From “Green Disease” to “U” and now “Undone”, in this final stretch of More Than Ten, the remaining songs have many similarities, namely (at the risk of being completely redundant) they all consist of Ed Vedder indulging his lighter, leaner musical sensibilities. “Undone” is also a catalogue of other favorite Ed themes. Let’s recap them again!

1. Escape from mass, mainstream society to a smaller, simpler locale? Check.

Last stop on the west coast line
South of the northern border
One small corner on my mind

2. Commentary on the pitfalls of fame? Check.
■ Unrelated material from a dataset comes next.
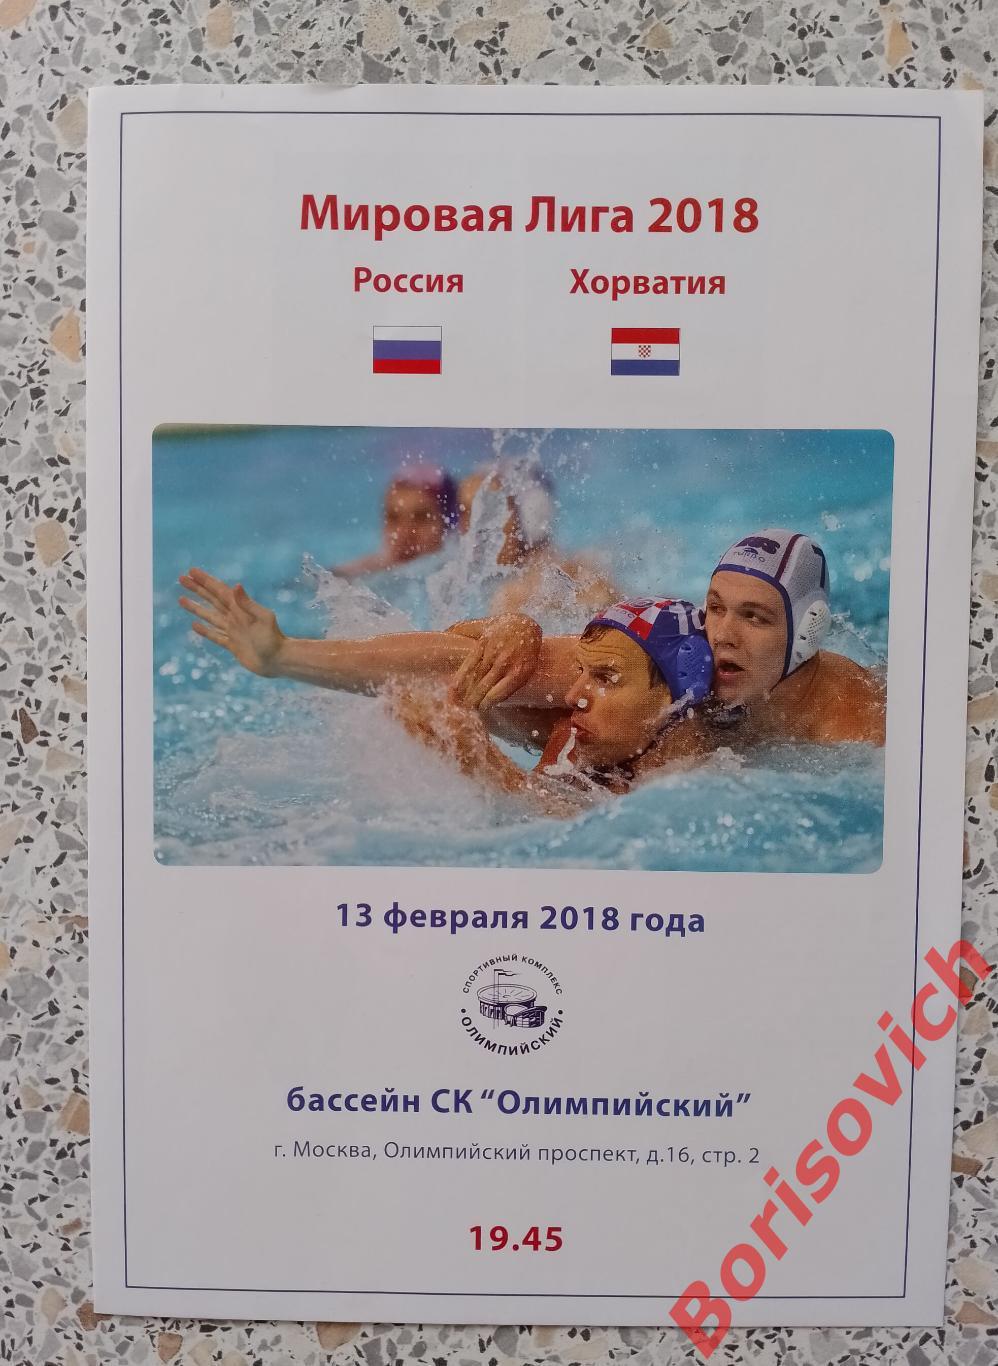 Водное поло Россия - Хорватия 13-02-2018 Мировая лига 2018.15
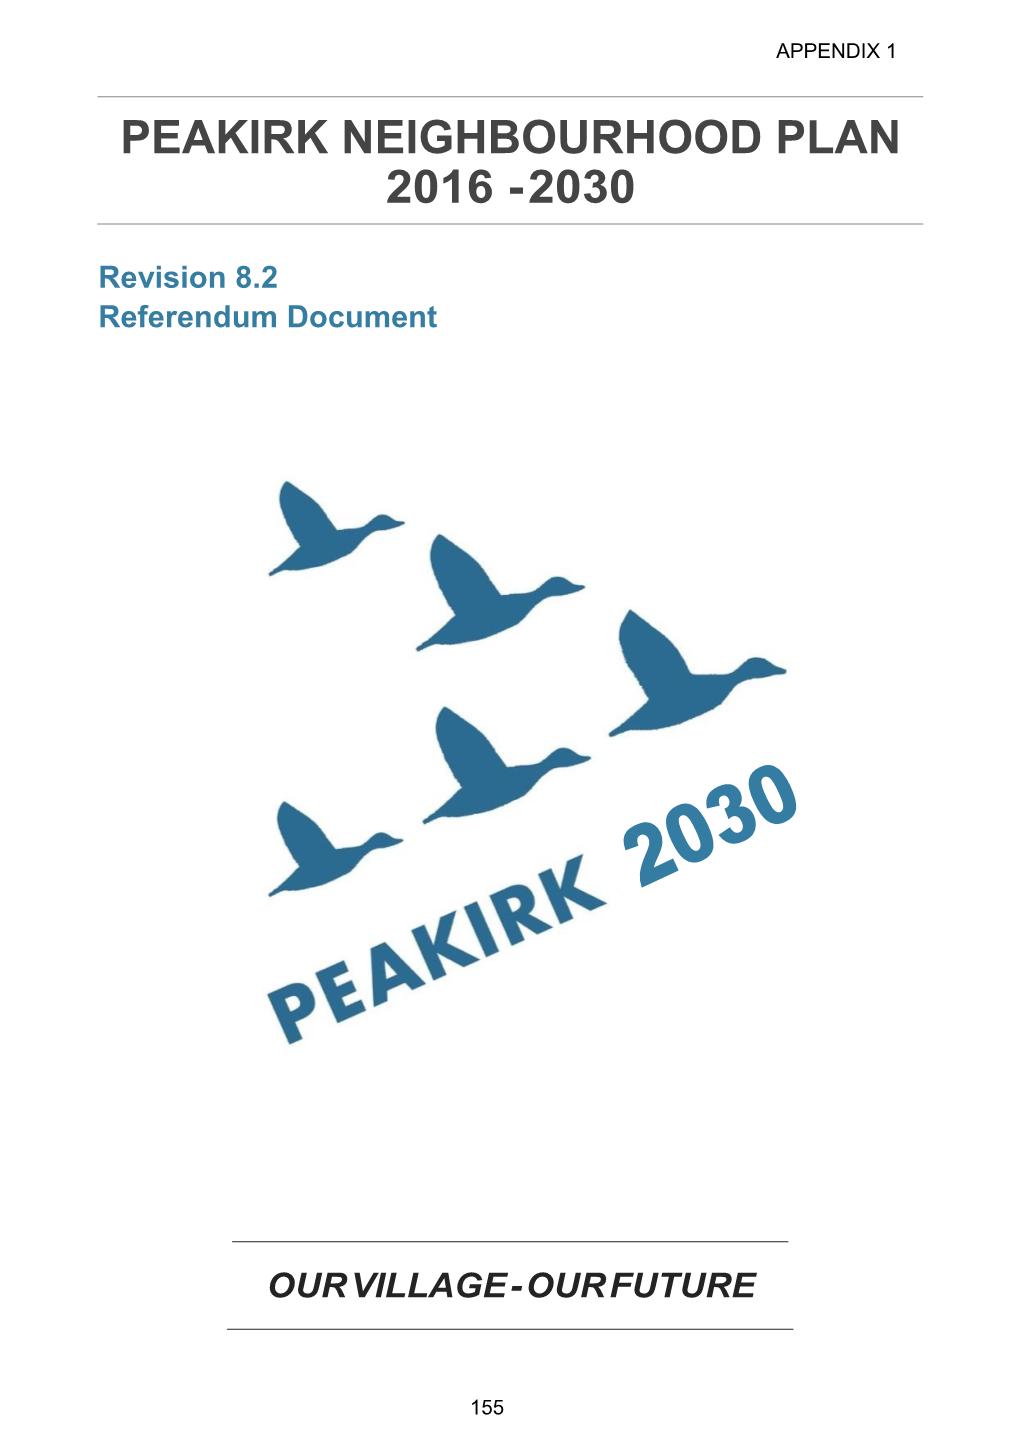 Peakirk Neighbourhood Plan 2016 - 2030

Everybody, they know me there
Don’t get any second glances
Chances are that they don’t care

3. Ocean imagery? Oh you betcha.

Change don’t come at once
It’s a wave… building before it breaks

4. Left-wing politics? Yep.

Can’t wait for election day
Witness the occupation
Corporations rule the day

Ah yes, the four tenets of Vedderism. But there’s a notable, directly stated difference in “Undone”: “All this hope and nowhere to go / This is how I used to feel, but no more.” Though the song was released as a b-side, it is the act in Riot Act. It’s interesting to see that this renewed sense of both hope and purposefulness coincided with one of the grimmest times in modern U.S. politics and affairs, but that determined vigor and optimism has continued throughout a dire 2-term Bush presidency in much of Ed’s, and Pearl Jam’s work, as if the silver lining to an increasingly Orwellian world is an eventual wake-up call, and pendulum swing back towards sanity and rationalism. “Undone” is breezy yet focused, definitely west coast, with e-bowed and wah-wah guitars, sighing background vocals, and an explosive outtro that ranks among the band’s best.